By John Baptist Wasswa
The most critical period of the election process is the voting day, voting counting and the announcement of results. This period is shaped by its history and it has immediate follow-up too. It requires you the journalist to be well prepared professionally, emotionally and physically. Let us look at what you will need to do on that day.
The journalist must take all necessary precautions to stay safe from both potential troublemakers and security personnel who might become over-zealous. Safety involves knowledge of the regulations put in place and the laws that govern the specific elections you are going to cover.
- What has the Electoral Commission directed?
- What guidelines have the Police and perhaps joint security team put in place?
- How are you going to navigate hurdles to get the story?
Know your area of coverage and do not scatter
Newsroom planning should provide for a journalist to cover a specific geographical area and for journalists to work as a team. If possible, stringers can be co-opted to join the newsroom regulars to widen the areas of coverage.

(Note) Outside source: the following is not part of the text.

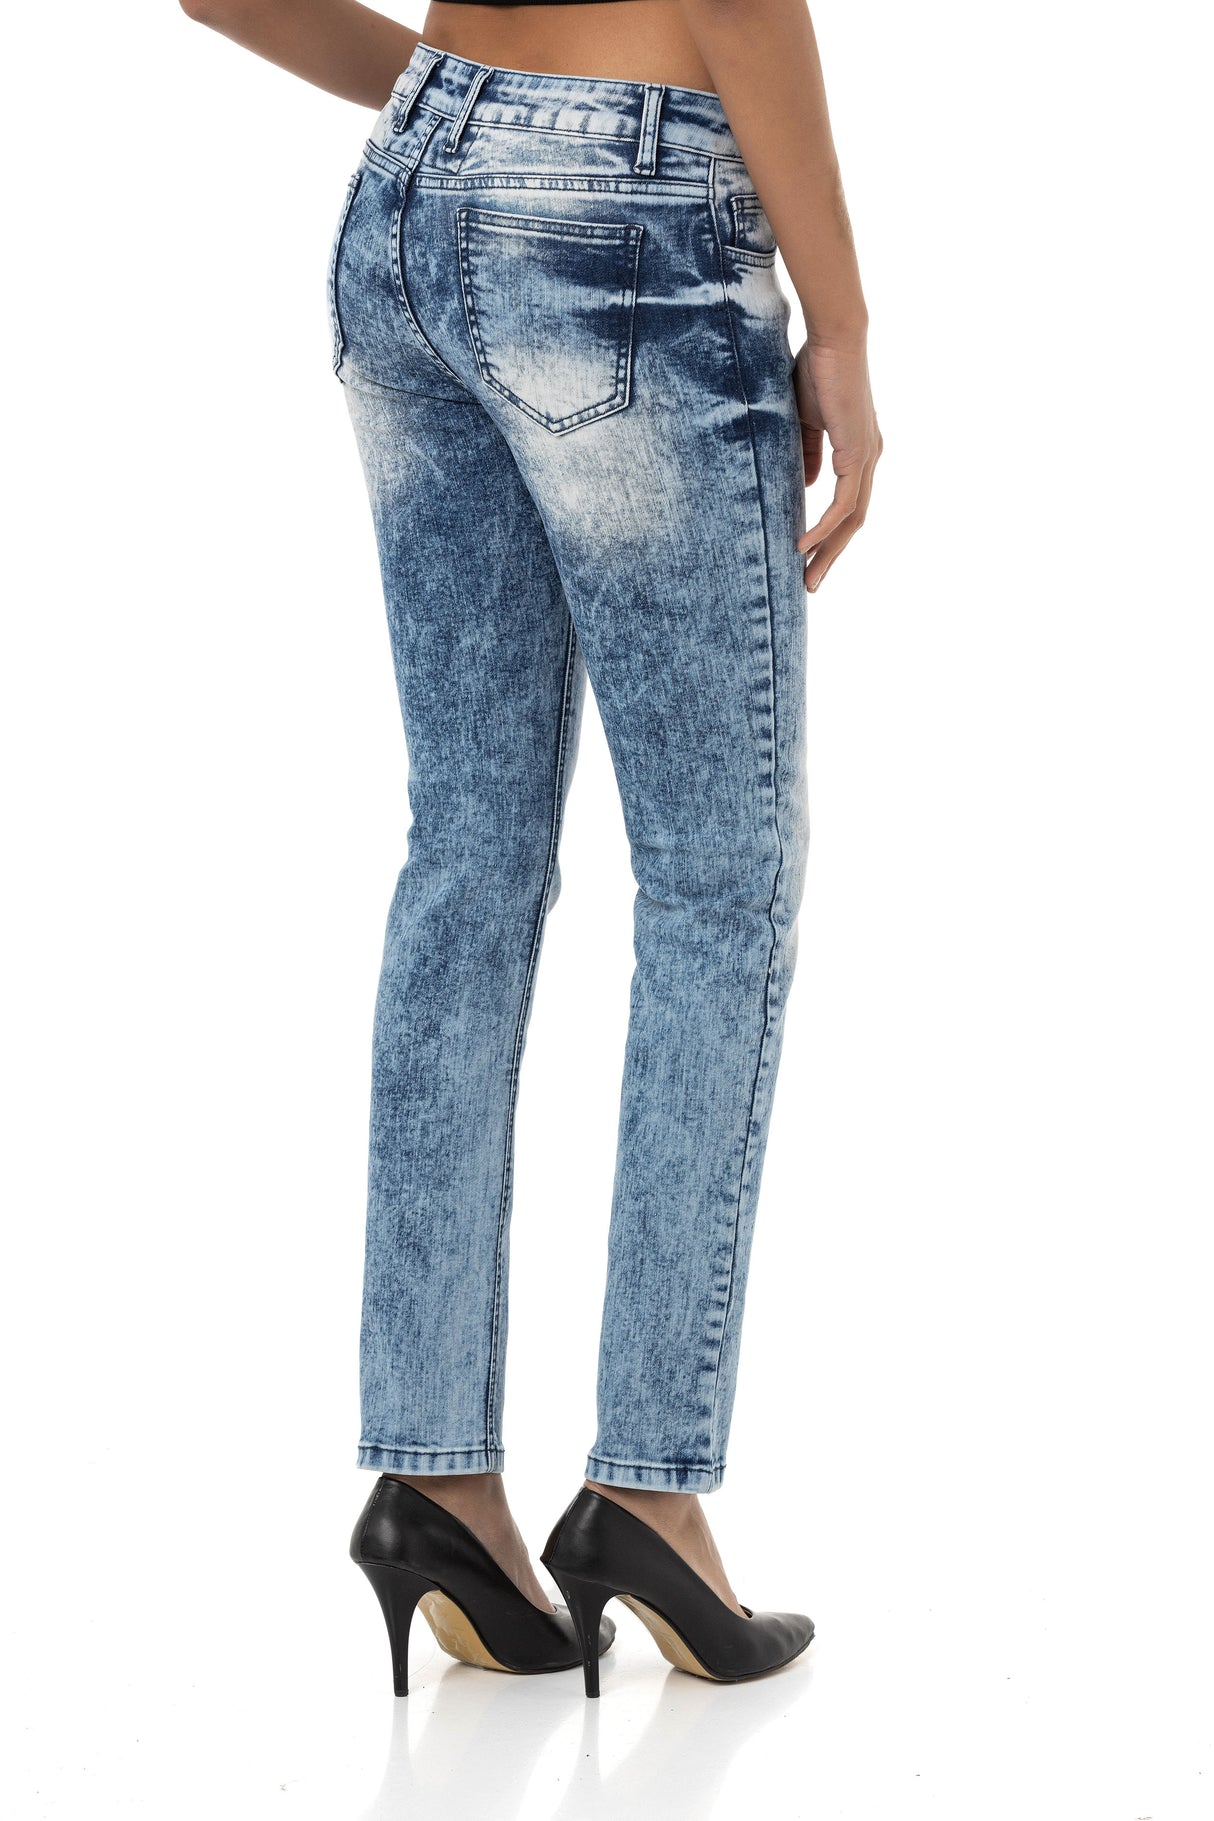 WD459 Mujeres Jeans de ajuste delgado en un aspecto moderno
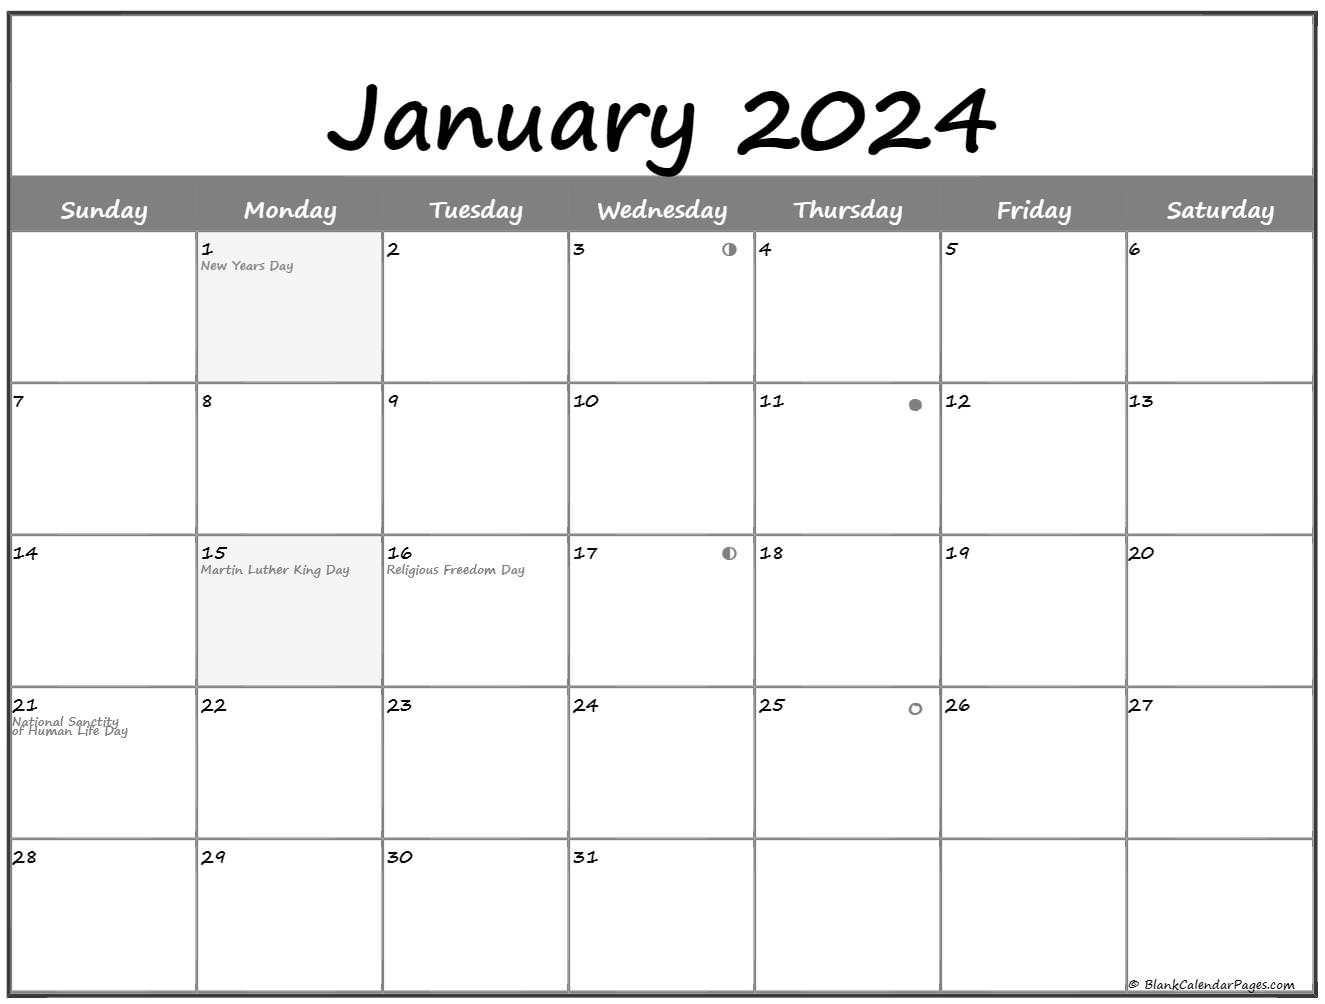 January 2024 Lunar Calendar | Moon Phase Calendar

You must know your area thoroughly:
- At each polling centre you are covering, what are voting populations? This information is now available on the Electoral Commission website and many serious media organisations already have this information.
- How many voters?
- Please note that this time there are no voters’ cards. The individual’s National Identity Card or Voter Location Slip will be the voter’s card.
- Know the procedures and the candidates for all levels of that voting day. For instance on January 14th, 2021, voting will be for presidential candidates, directly elected MPs and Women MPs to represent the district. Part from the presidential candidates, you should know all the other candidates by all their names, parties or otherwise, colours and symbols. Your newsroom should have small size posters of all these candidates for easy reference and accuracy of spellings.
- Know the geography, possible escape routes in case of trouble and where you can take cover. Establish a possible meeting point with your colleagues in the same area, in case there is trouble.
- Be properly identifiable with cards, branded jackets and not in colours that resemble any party colours. Best if you are in white, brown, or black. Those are safe. Be neutral and do not identify with any parties.
You should take a big note pad so that you can write elaborate notes. This is a one-in-five years exercise. It is not enough to depend on your phone to take pictures and recordings. Write down:
- What you see: the normal and the unusual
- Voter turn up: you may observe but you will ask the election officials what the turn up was in percentage terms.
- The drama, the emotions, long queues, some of important comments.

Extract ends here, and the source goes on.